Step 4: Analyze the projects and billable items that cause unexpected cost surges in the Expenses and Costs console

Go to the Expenses and Costs console and use one of the following methods to analyze the projects and billable items that cause unexpected cost surges. For more information about how to go to the Expenses and Costs console, see View billing details.

On the Billing Details tab of the Bill Details page, select Instance for Statistic Item and select By Day for Statistic Period to search for bills and identify the projects that generate high costs based on instance IDs. If the cost of a project is higher than expected, analyze the project.
On the Billing Details tab of the Bill Details page, select Billing Item for Statistic Item and select By Day for Statistic Period to search for bills and identify the billable items that generate high costs. You can search for a project based on Instance ID and analyze its billable items that generate high costs.
Identify the billable items that cause cost surges on the Cost Analysis page.

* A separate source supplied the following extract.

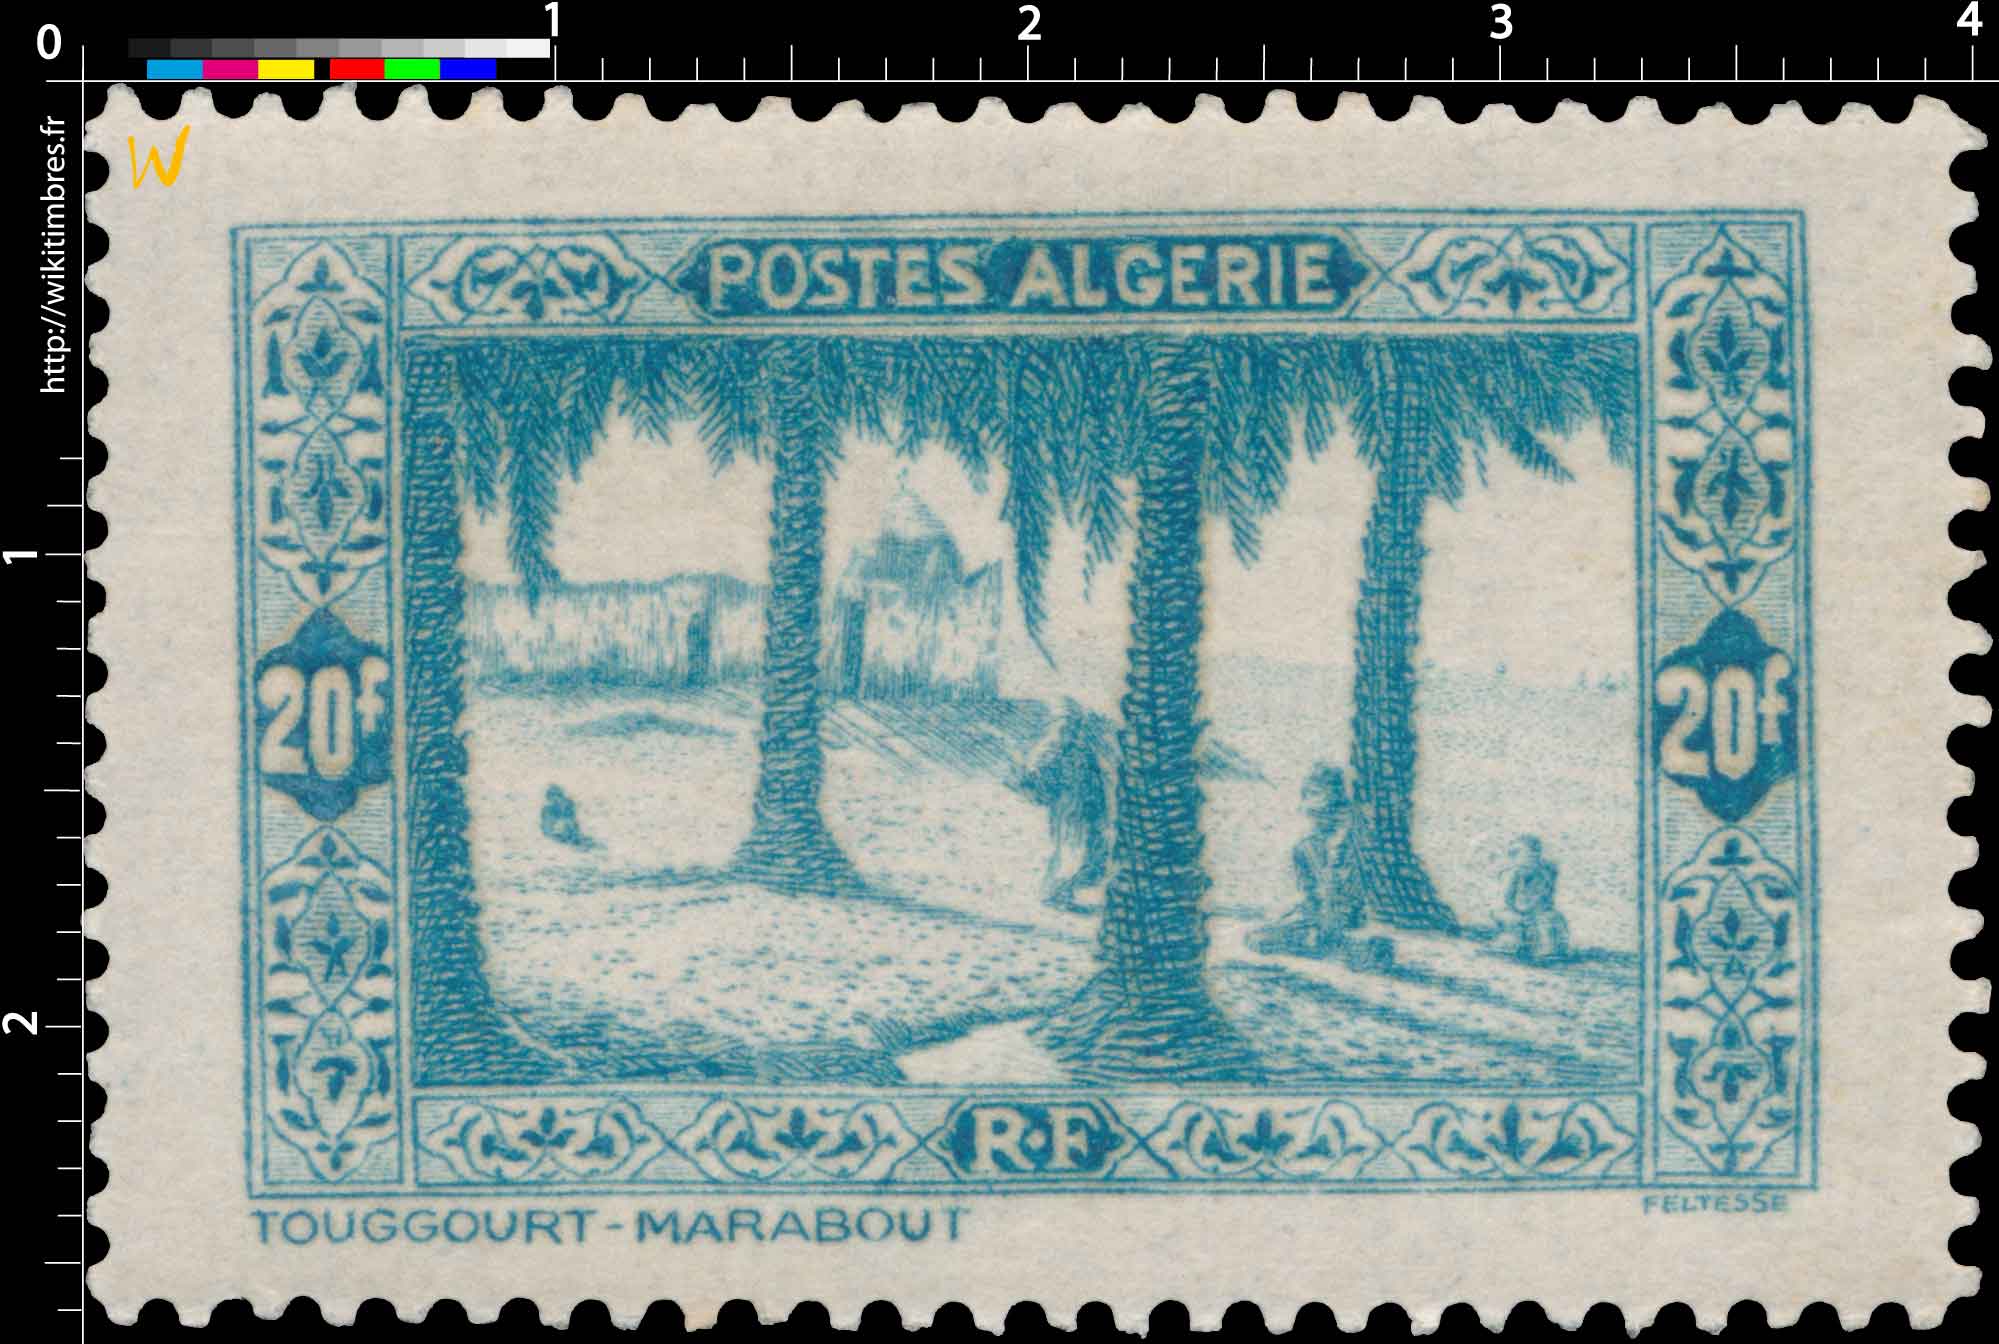 Algérie - Un marabout, à Touggourt

Step 5: Troubleshoot the cost surge issue

Analyze and troubleshoot the cost surge issue based on projects and billable items.

Troubleshoot unexpected surges in computing fees of SQL jobs

If the overall cost of your SQL jobs, including the SQL jobs that involve external tables, is high, unexpected cost surges may be caused by a single job, repeated running of jobs, or invalid configurations of scheduling properties.

Query the instance ID (inst_id) of the high-cost job and view the execution information about the job.

Log on to the MaxCompute client. Run the use command to switch to the high-cost project that is identified in Step 4 and use TASKS_HISTORY to query the job fees. Sample commands:

-- Enable the MaxCompute V2.0 data type edition. For more information about the data types supported by the MaxCompute V2.0 data type edition, see the "MaxCompute V2.0 data type edition" topic. 
set odps.sql.decimal.odps2=true;
select  
inst_id --- Instance ID
, input_bytes --- Amount of input data (
,complexity
,cast(input_bytes/1024/1024/1024 * complexity * 0.3 as DECIMAL(18,5) ) cost_sum
,get_json_object(settings, "$.SKYNET_ID") SKYNET_ID --- ID of the DataWorks scheduling task
from    information_schema.tasks_history 
-- If you want to query metadata that was generated in the previous 14 days, you must query the table that is backed up in Step 3. The table name is in the <project_name>.tasks_history format.
where   task_type = 'SQL' OR task_type = 'SQLRT'
AND ds = 'Date partition to be queried'
ORDER BY cost_sum DESC
LIMIT 10000
;

Note

Computing fees of an SQL job = Amount of input data × Complexity of SQL statements × Unit price (USD 0.0438/GB)
In this example, task_type = 'SQL' indicates the SQL job, and task_type = 'SQLRT' indicates the SQL query acceleration job.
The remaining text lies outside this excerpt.